The activism game: Collaboration, not competition
Former nominated Member of Parliament (NMP) and social activist Anthea Ong says, “When you think about the society that we are in today, we are certainly a lot more educated, a lot more informed. To have an engaged society, we have to be prepared for more contestation of ideas, than just settle for a pathetic, ‘anything also can’ kind of society. That would not bode well for Singapore today and certainly, it’s not going to be where we want to live or thrive in when everyone is not participative and not really engaged at all.”
Ms Ong, who is herself a strong believer in social advocacy, spoke passionately in Parliament as an NMP between 2018 and 2020 on issues of social inclusion, mental health and volunteerism. She had initially turned down the first invitation to be an NMP in 2011, but seven years later, decided to say “yes”.
“Saying ‘yes’ to the NMP invitation really got me way more than if I had stayed on the ground. … I felt like so many of the things I came up against while advocating for mental health change were actually because of policies which created the structural challenges. That’s one way but there are so many different ways: direct engagement with the policymakers and the more overt, more public type of advocacy. They get all the parts to move in tandem and get all the parts to dance together,” she says.
But Ms Ong says activists should be mindful that they must not want to see the results immediately because “for every cause we push for, there are just so many factors at play that are not within our control. We need to allow ourselves that space or patience, otherwise it is easy to get disenfranchised. Many young people … need to realise that what we are trying to change, what we are trying to push for is complex and there are multi stakeholders involved,” she says.
Ms Ong herself juggles being a life coach, yoga instructor, and driver of several social causes including Hush TeaBar, Singapore’s first silent tea bar that aims to bring self care and social inclusion to every workplace and community, with a cup of tea.
“Ultimately how do we ourselves on the ground as a people come together to write the rules on how we actually dance with each other. But that music must not be written by the government. It has to be, overtime, created by us as a people,” she says.
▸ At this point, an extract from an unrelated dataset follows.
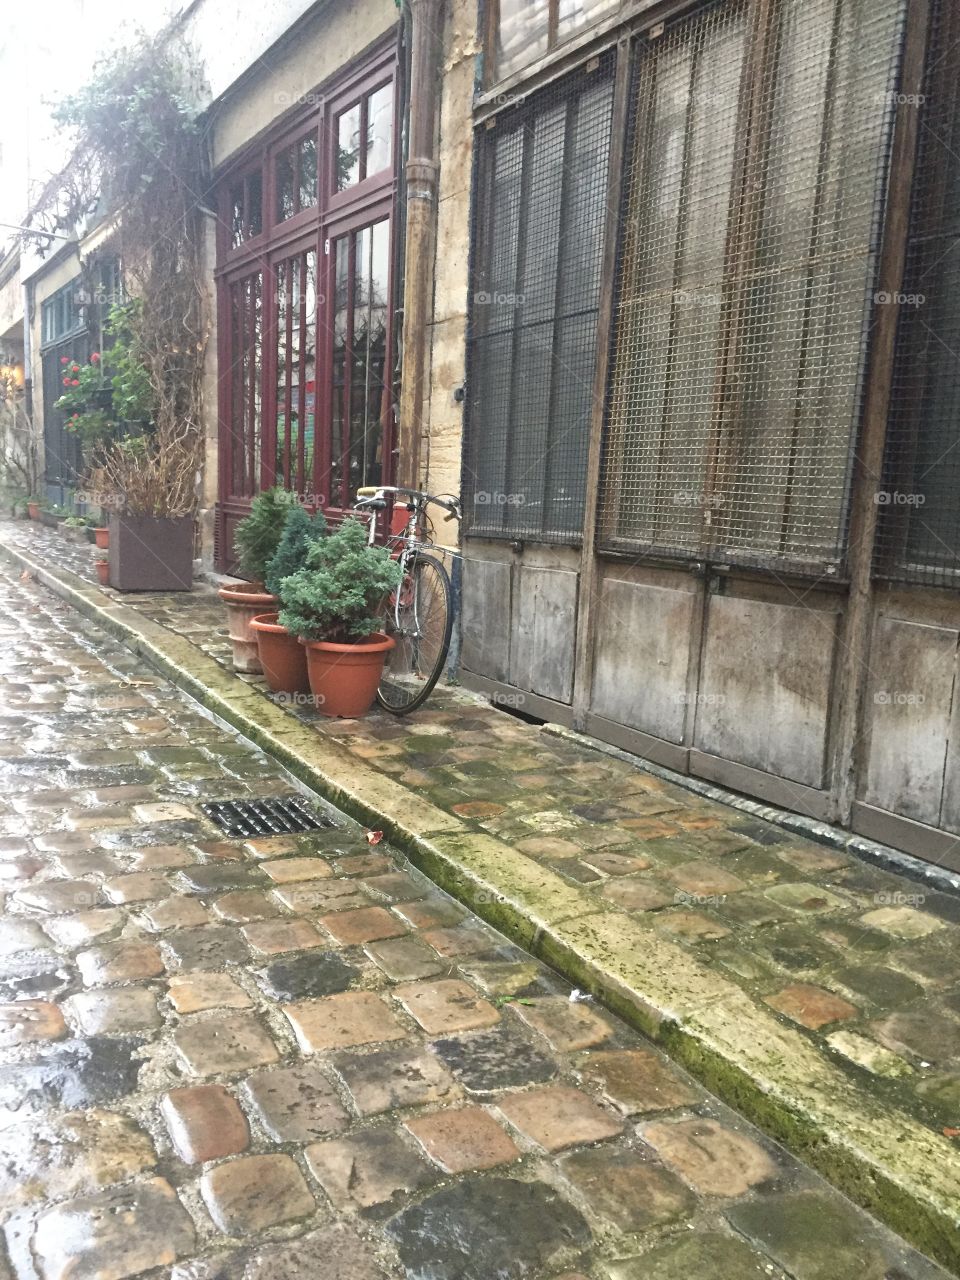 Bicycle on the rainy cobblestone street of Paris

The bigger challenge is for the people to develop rules of engagement and the groups “to recognise how it is for us to learn to live together despite our differences even on an issue that we are all very convicted about”. “I think that would make society a lot richer because we recognise that there are people who hold different values, different ideas, different views from us and what is it that we can do to try and accommodate them despite our deepest differences”, Dr Tan says.
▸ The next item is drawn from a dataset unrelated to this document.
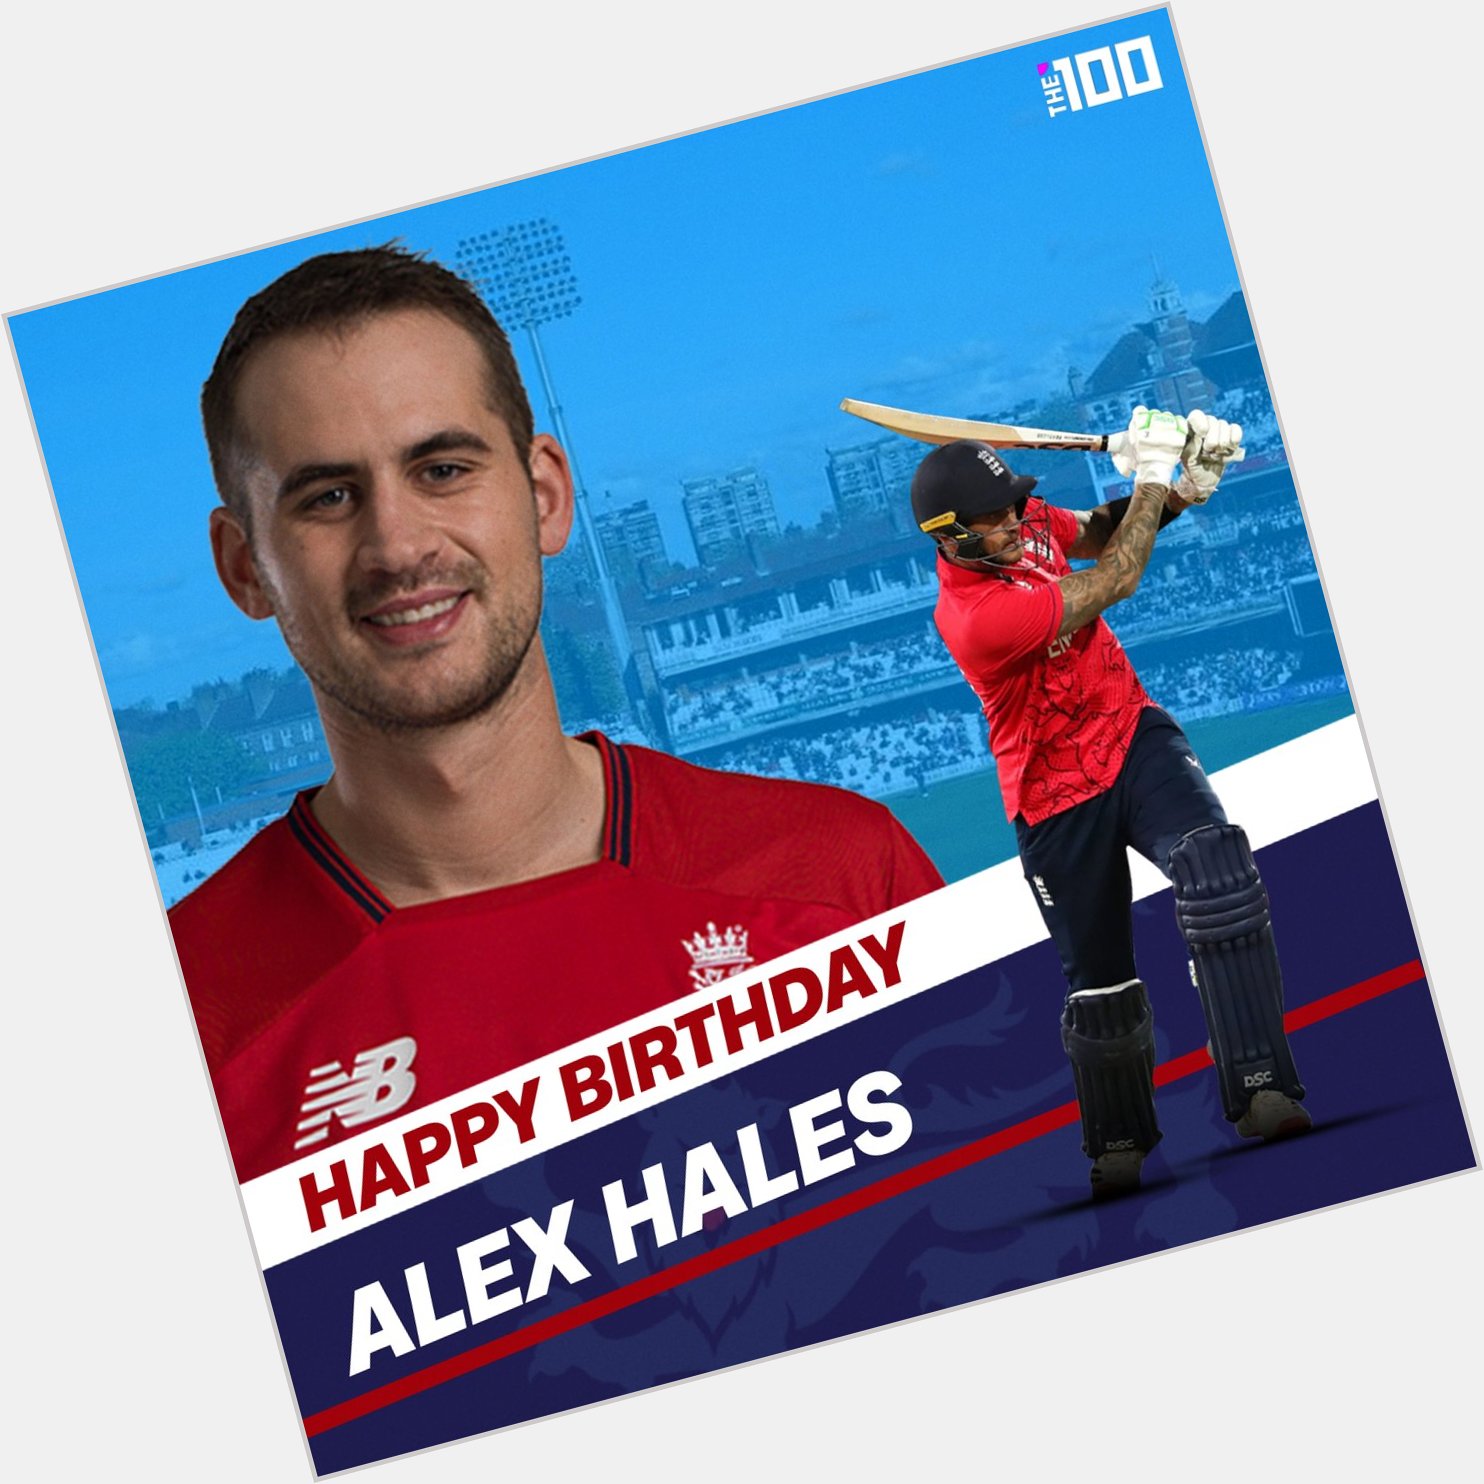  Wishing Alex Hales a very Happy Birthday

Both Dr Tan and Ms Ong agree that it should not surprise us that the government speaks of co-creation.
“The government recognises that we need to tap the sort of resources, the sort of people’s convictions – those who are willing to help a cause, help one another not because they are expected to, or that they are going to get something good out of it but because they sincerely feel that this is something that they ought to do. I think that’s where we want to harness the framework that the government provides with the commitment and dedication that comes from civil society that you may not see when civil servants were to take on similar tasks,” Dr Tan adds.